The US Supreme Court has just handed down a highly anticipated decision in Sackett v. EPA, reining in the federal government’s ability to regulate wetlands under the Clean Water Act (CWA). Specifically, this ruling provides important clarity on whether CWA applies to wetlands not directly adjacent to “waters of the United States.”
The Sacketts, the Idaho property owners that have battled the federal government in this case for many years, sought clarification from the Court on whether the federal government could regulate wetlands on their property and prevent the couple from building on their land. Specifically, the Sacketts’ property contained wetlands near a ditch that fed into a non-navigable creek that in turn fed into Priest Lake more than 300 feet away from their property. The Court ruled unanimously that the Sacketts were not subject to federal CWA permitting, but split 5-4 on the CWA’s applicability to adjacent wetlands.

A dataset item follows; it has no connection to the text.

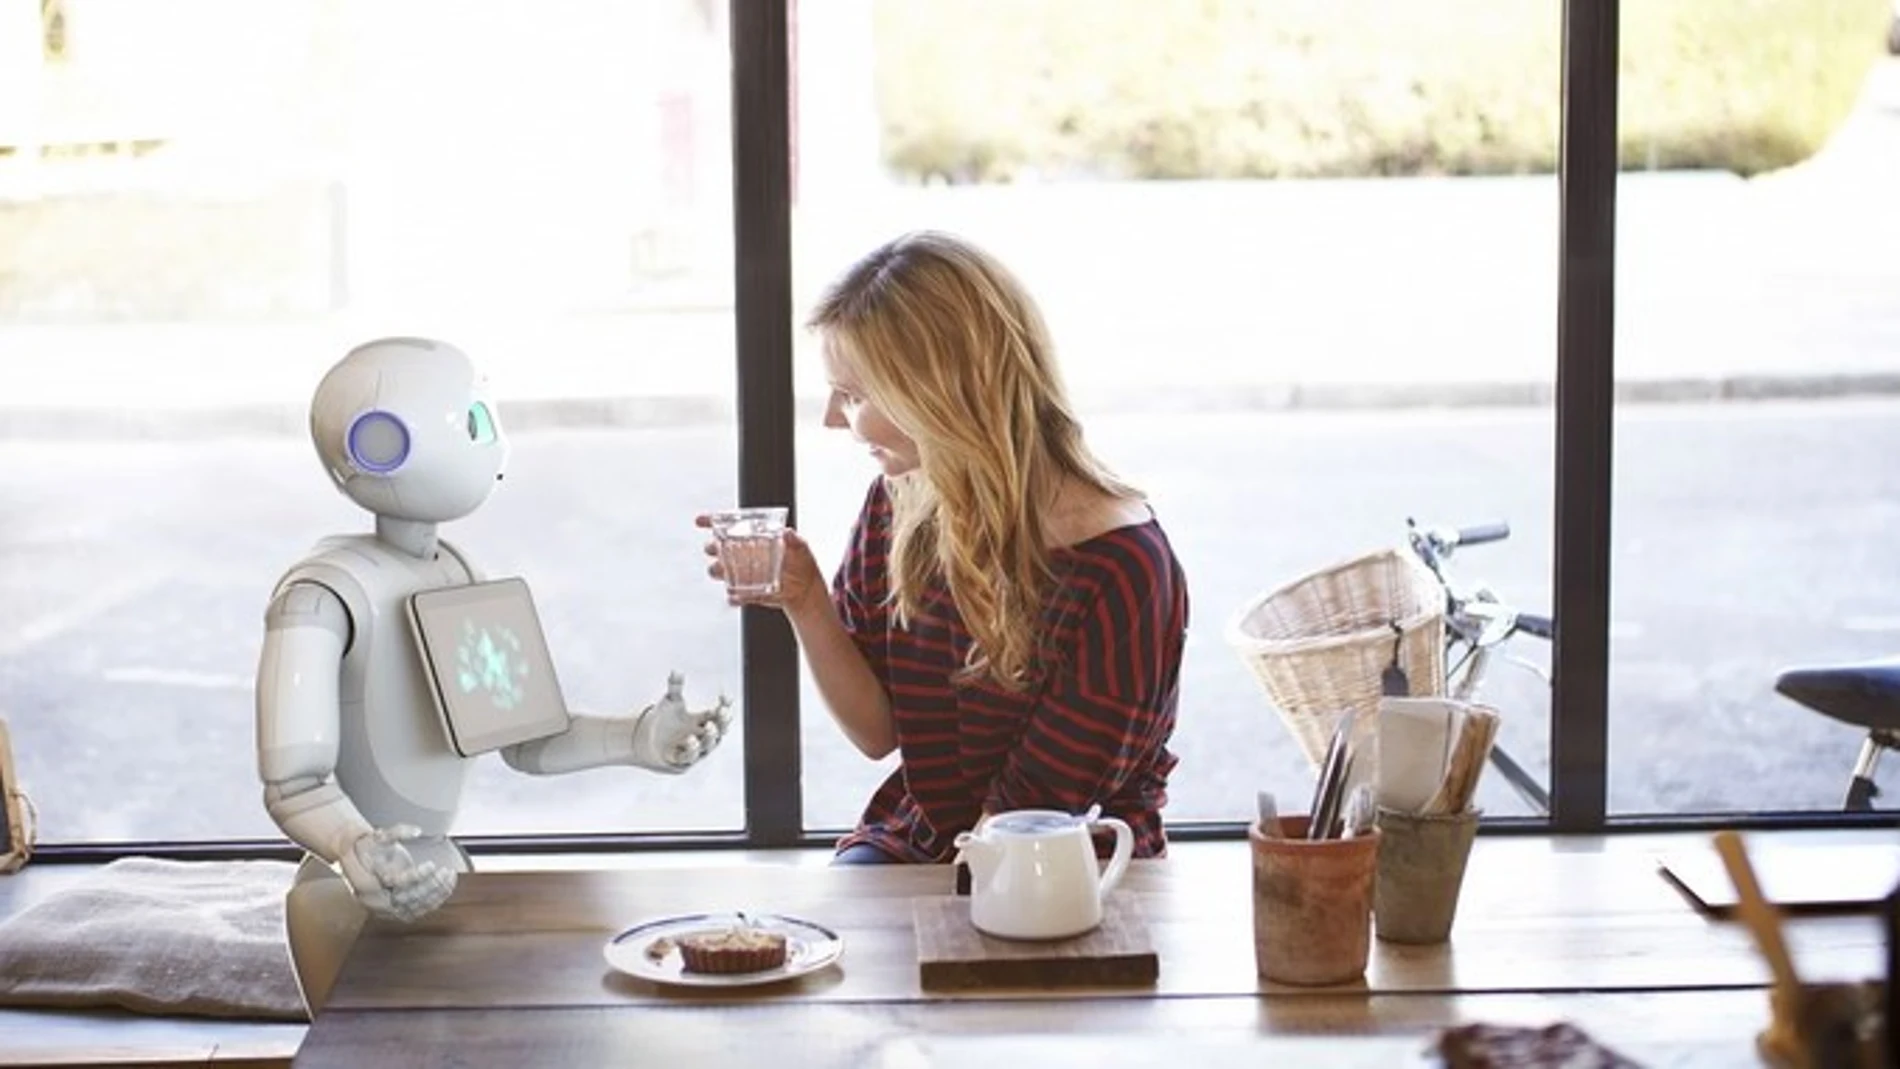 Fotografía facilitada por SoftBank Robotics, de una mujer conversando con un robots

Justice Samuel Alito, the majority opinion’s author, held that, “the CWA extends to only those ‘wetlands with a continuous surface connection to bodies that are waters of the United States in their own right,’ so that they are ‘indistinguishable’ from those waters.” In sum, the Court established a two-part test to determine if an adjacent wetland falls within the definition of “waters of the United States” so as to be under the CWA’s jurisdiction: (1) a party must establish “that the adjacent [body of water constitutes] . . . ‘water[s] of the United States’ (i.e., a relatively permanent body of water connected to traditional interstate navigable waters); and (2) the wetland has a ‘continuous surface connection with that water, making it difficult to determine where the ‘water’ ends and the ‘wetland’ begins.” In essence, the Court found that the CWA applies to a particular wetland only if it blends or flows into a neighboring water that is a channel for interstate commerce.

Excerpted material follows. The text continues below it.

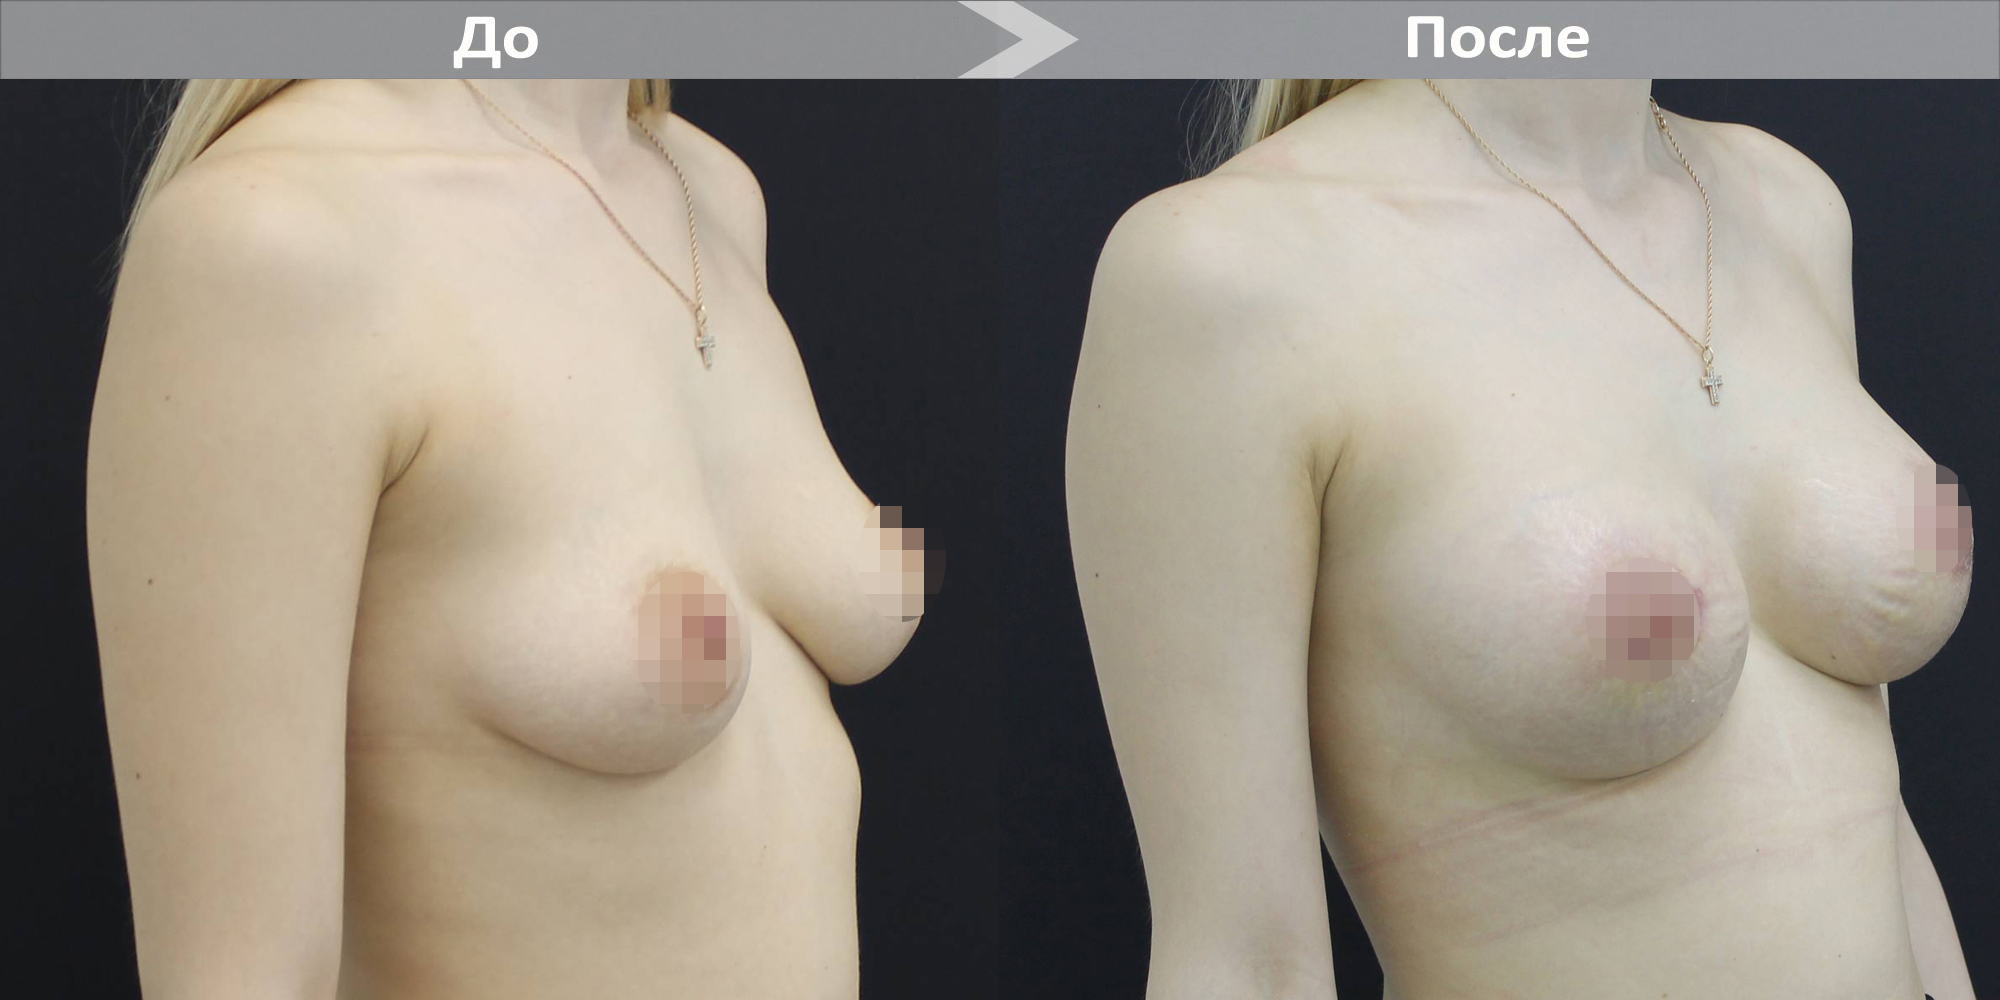 удаление и восстановление груди в одну операцию фото 79

In the case of the Sacketts, the Court ruled that the Sacketts’ wetlands were “distinguishable from any possibly covered waters.” Consequently, the CWA did not apply, and the federal government could not regulate the Sacketts’ building activities. This narrow reading of the CWA is a win for land developers, farmers and others in the energy sector who’ve recently experienced excessive enforcement of environmental regulations.
Although this ruling has a large impact around the country, its significance is much smaller in Michigan, which has its own wetland statute (Part 303 of Michigan’s Natural Resources and Environmental Protection Act) that is more restrictive than the CWA’s rule.